After our two-night stay in the city-owned campground in Prairie City, Oregon, we are heading further west to our next destination. But on the way, we are visiting a new-to-us national monument. The John Day Fossil Beds National Monument actually has four parts, and the first one requires a drive through a majestic enclosed canyon named Picture Gorge. So of course, we took plenty of pictures in Picture Gorge.
This is the Sheep Rock Unit of the park, and we passed by Sheep Rock on our way to the national monument visitor center. We're not sure if this mountain got its name from big-horn sheep that once populated its slopes, or the sheep ranch that once populated its valley.
We arrived at the visitor center and parked the motor home in one of the long RV spaces. Then we unhooked the pickup for the drive further down the road to the Blue Basin.
This is where the fun begins. The Blue Basin is a maze of eroded claystone walls that make Denisa look very small this morning.
It's a 1.3-mile trail that crosses about a dozen of these metal bridges.
It leads into a valley that the website describes as an "amalgam of colorful strata from Creataceous conglomerates to flood basalts." We describe it as another of God's wonders.
As we got to the end of the trail, it opened into a grand amphitheater that deserved one more picture.
After conquering the best hike in the park, we should have called it quits on this hot day. But we aren't that smart. So we started the 3.25-mile Blue Basin Overlook Trail. Before you can overlook the basin, you have to climb up and up on switchbacks.
There are a few interesting rock formations at the top,
but the real star of the show is getting to look down on the blue basin where we hiked earlier.
We took the trail counter-clockwise to get the elevation gain over quickly. Then we plodded along through this dry Oregon desert. They haven't gotten any measurable rain here for over 45 days, and we can certainly understand why they are in extreme fire alert.
Denisa likes to take pictures of flowers on our hikes, but all of them are as dry as the grass on these hills
We had to chuckle at the sign that accompanied this bench at the top. Instead of describing this view, it congratulated hikers that they had made it to the half-way point, and had climbed 760 feet in elevation.

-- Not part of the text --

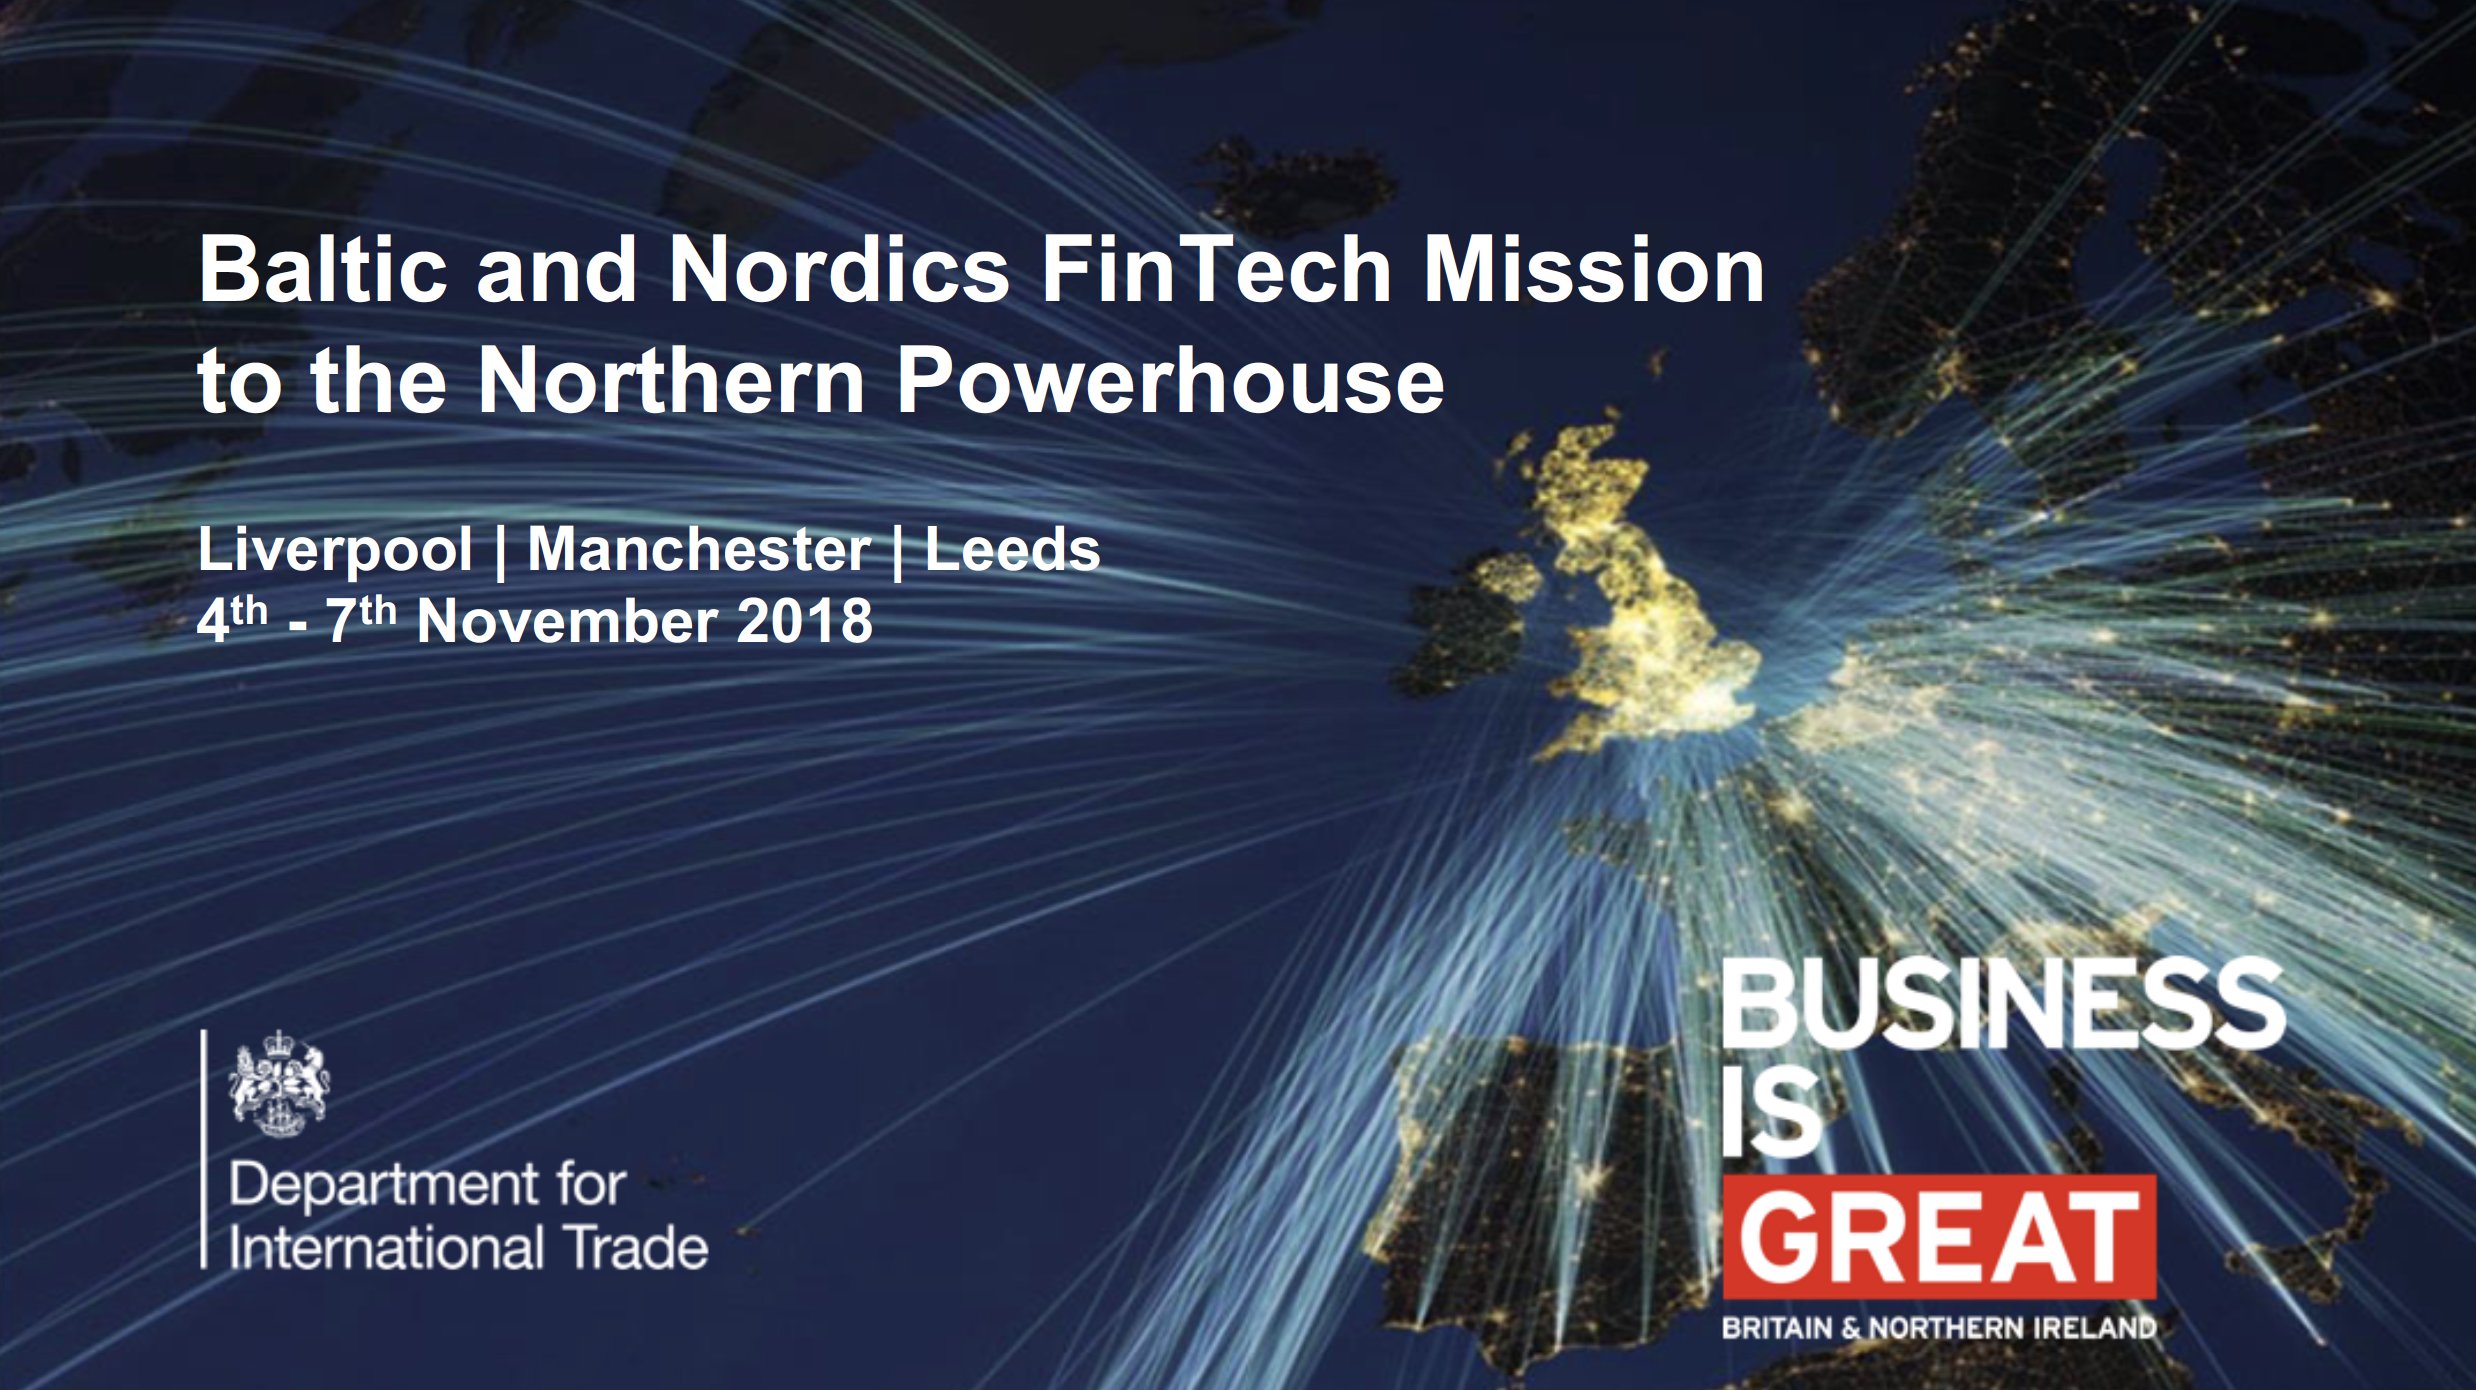 FinTech North to host trilogy of events for Nordic and Baltic FinTech delegation in November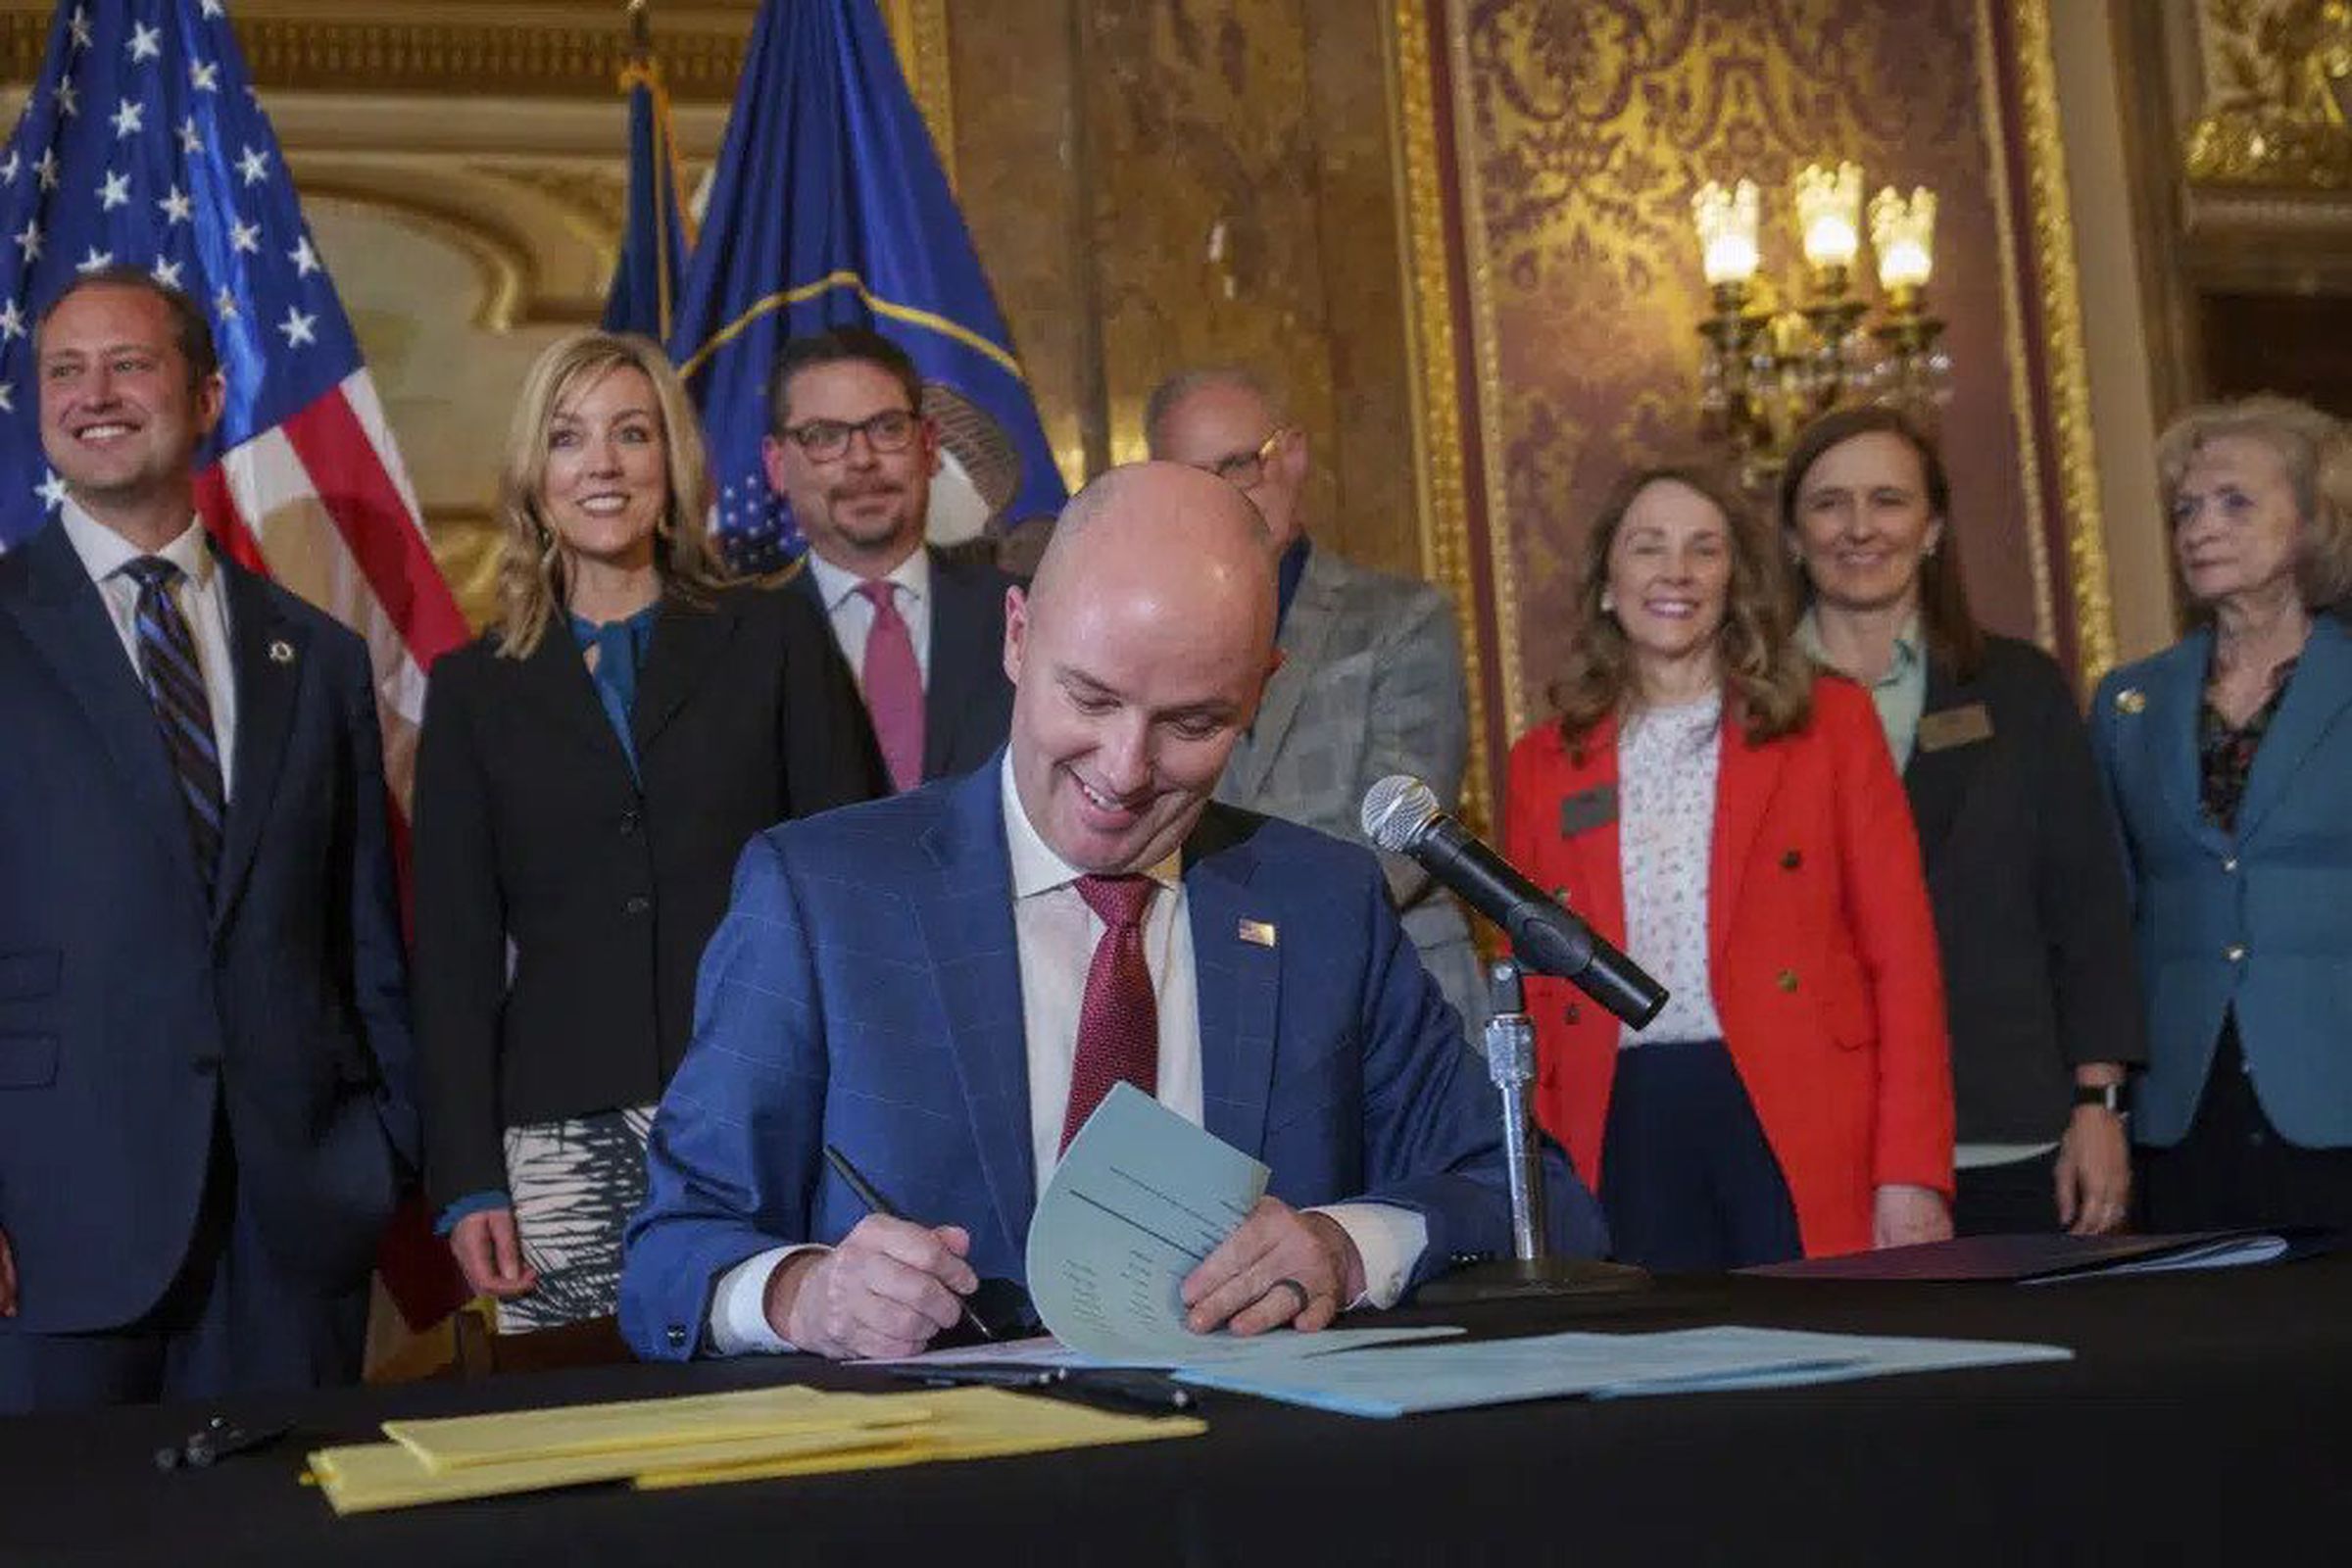 Gov. Spencer Cox signs two regulation bills that limit when and where children can use social media during a ceremony at the Capitol building in Salt Lake City on Thursday, March 23rd, 2023.

The next bench has a sign that lets us know that this is the only shaded bench on this trail, and we're certainly needing that shade.
We got a few more close-up views of the Blue Basin on our way down in elevation to finish up our loop.
The Cant Ranch Historic Home and Museum is another part of the national monument, and it has been closed to visitors since the beginning of the Covid pandemic. But visitors can walk the grounds and see the outdoor machinery and barns. Denisa headed straight to the orchard where signs let us know that visitors were welcome to pick any ripe fruit from the 100-year-old trees. We found an apple tree where the fruit was falling, so we picked enough for an apple crisp later.
We decided to wait for our time in the air-conditioned visitor center until the hottest part of the day. So now we drove the pickup back to where we left the motorhome in the Thomas Condon Paleontology Visitor Center parking lot. We found that they are requiring masks inside, and only allowing visitors to enter every half-hour and in limited numbers. Instead of waiting longer outside in the heat, we joined the current group of visitors inside for a 13-minute quick look at the museum. Then we headed back through Picture Gorge.
We're heading now to another unit of the John Day Fossil Beds National Monument on the other side of Mitchell, Oregon, where we are camping for the next two days. We would include that in today's blog, but we had such a splendid time in Mitchell that it deserves a blog of its own tomorrow.